Экипаж будет ждать наготове. И вылетит через задние ворота на булыжную мостовую, и помчит мимо лавок, заставляя шарахаться в стороны гуляющую публику. Пристав начнет обыскивать здание канцелярии в поисках градоначальника; а Павел тем временем, приподнявшись на козлах, нахлестывая лошадей, увидит, как растет у него на глазах, приближаясь, большой каменный дом Хадживраневых в Перуштице. Не знал еще Павел, что войдет в родной дом со взведенным курком, прислушиваясь к каждому шороху, и на скорую руку соберет в узел одежду, что, как грабитель, станет выгребать золото из-под восьмой бочки и набивать им карман за карманом. А когда настанут глухие часы ночи, кинется в горы, не спрашивая себя зачем, а главное, куда? — держа путь к лесу, карабкаясь на Тымрыш.
Внизу, в долине, лаяли разбуженные собаки. Его разыскивали по всему Пловдиву и в Перуштице, заставляя торопиться — все выше в горы, на юг, на юг, подальше от дорог и троп. Из-под лакированных ботинок вылетали камни, по крутым осыпям катились вниз и там замирали — словно кто-то другой бежал в обратную сторону. Сучья трещали, как выстрелы из засады, и так же быстро стихали. Только нежный перезвон в его карманах не затихал, сливаясь с ударами крови в висках.
Остановился он лишь на самом хребте. Перед ним расстилались обширные темные пастбища, волнами сбегая по взгорьям и лощинам. Внизу осталось примолкшее родное село. Дома спали, купол новой церкви, посеребренный далеким невидимым месяцем, осенял их своим крестом. Другой, старой церкви Михаила-архангела, покалеченной в те страшные дни вражьими ядрами, не было видно — словно она сама перенеслась в мир иной. И в турецком селе Устине не было ни огонька. Да там и днем было пусто: не мычали волы, не блеяли овцы, только ветер хлопал обветшалыми ставнями в палатах Исмаила-аги. Сам ага жил теперь в Стамбуле, а остальные устинцы — аж в Анатолии. Если б месяц не догорал, можно было бы разглядеть еще дальше, как блестят драгоценные воды Марицы, такие щедрые и к плодам фракийской долины, и к их похитителям. А дальше, на равнине, мерцало желто-зеленое зарево, рожденное маленькими огоньками уличных фонарей и проезжавших колясок, пять темных холмов держали свет в горсти, чтоб не задул его гуляющий по равнине ветер. Павлу Хадживраневу полагалось бы быть сейчас там, в своем кабинете, на приеме или в удобной постели, на простынях, измазанных ружейным маслом.
«Еще свидимся», — подумал он и отвернулся, чтобы продолжить свой путь по темным складкам холмов — к Тымрышу.
Тымрышский край все еще был в руках султана. И как ни нелепо, как ни позорно, но только Тымрышлия, только Мемед-ага, тот, что уничтожил всех дорогих его сердцу, мог дать надежное укрытие такому, как он, беглецу.
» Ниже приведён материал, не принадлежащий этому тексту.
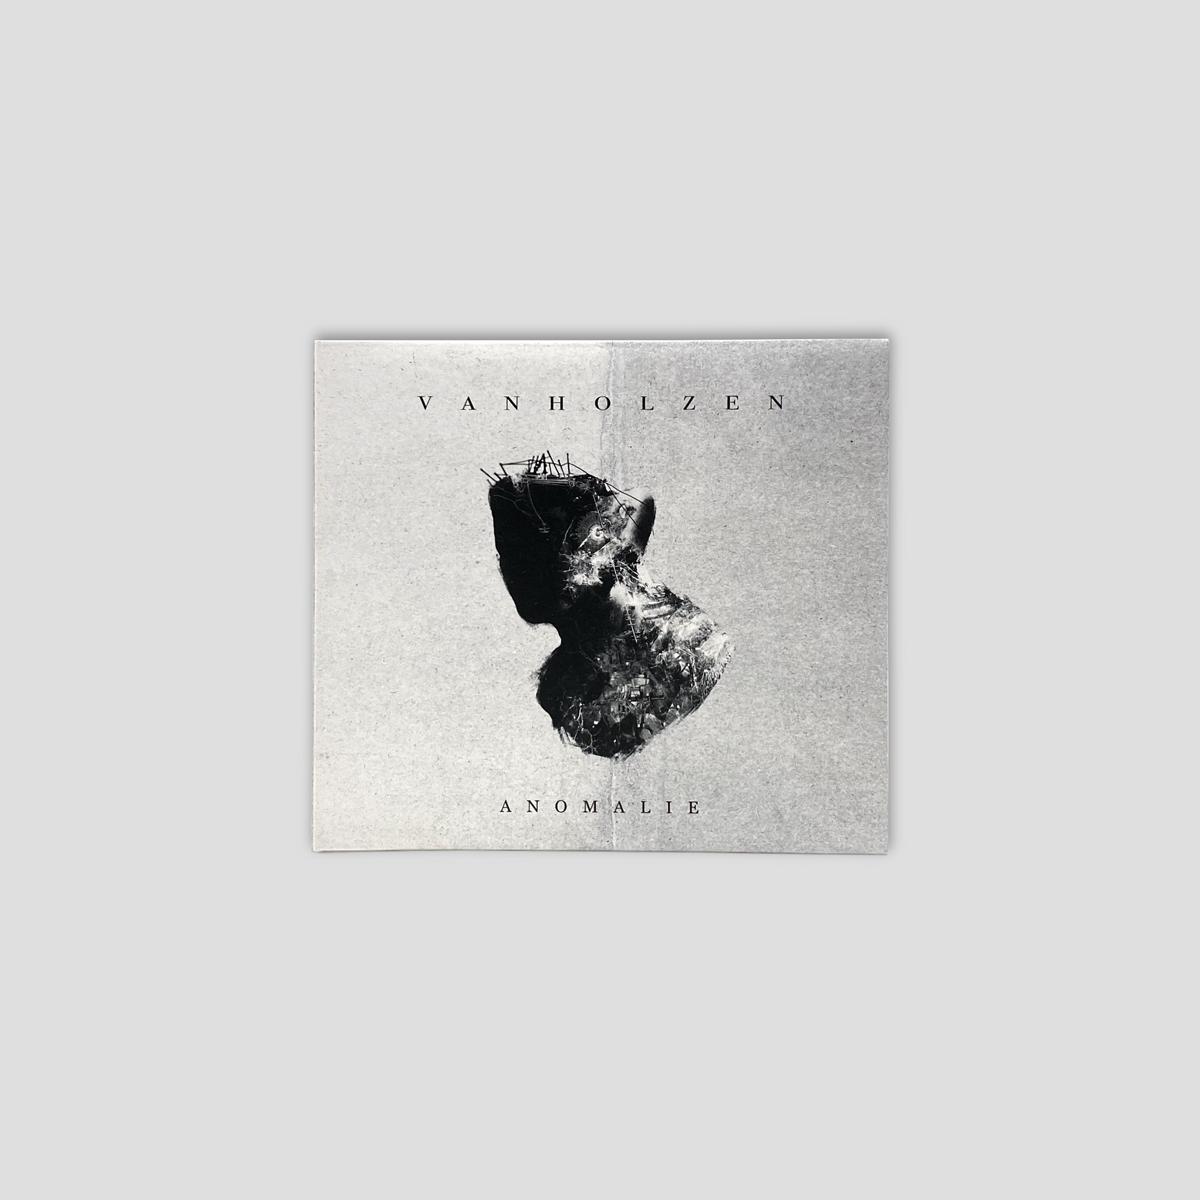 Anomalie CD Ansicht Cover

И, как ни странно, казалось, его здесь ждали. Еще на подходе к селу, на склоне, трепетало пламя пастушеского костра, а вокруг него, тоже трепеща, сидели на корточках низкие тени. Павел подошел, поздоровался. Его встретили спокойно, не удивляясь; подвинулись, давая место подле огня. Никто не спросил, кто он, откуда и куда путь держит — как положено в такой час и в таком месте. Подождали, не скажет ли сам, посмотрели на обувь, одежду, в глаза. Потом самый старший сказал: «Ежели ты согрелся и тебе нужен Мемед-ага, мы проводим. Я его старший чабан».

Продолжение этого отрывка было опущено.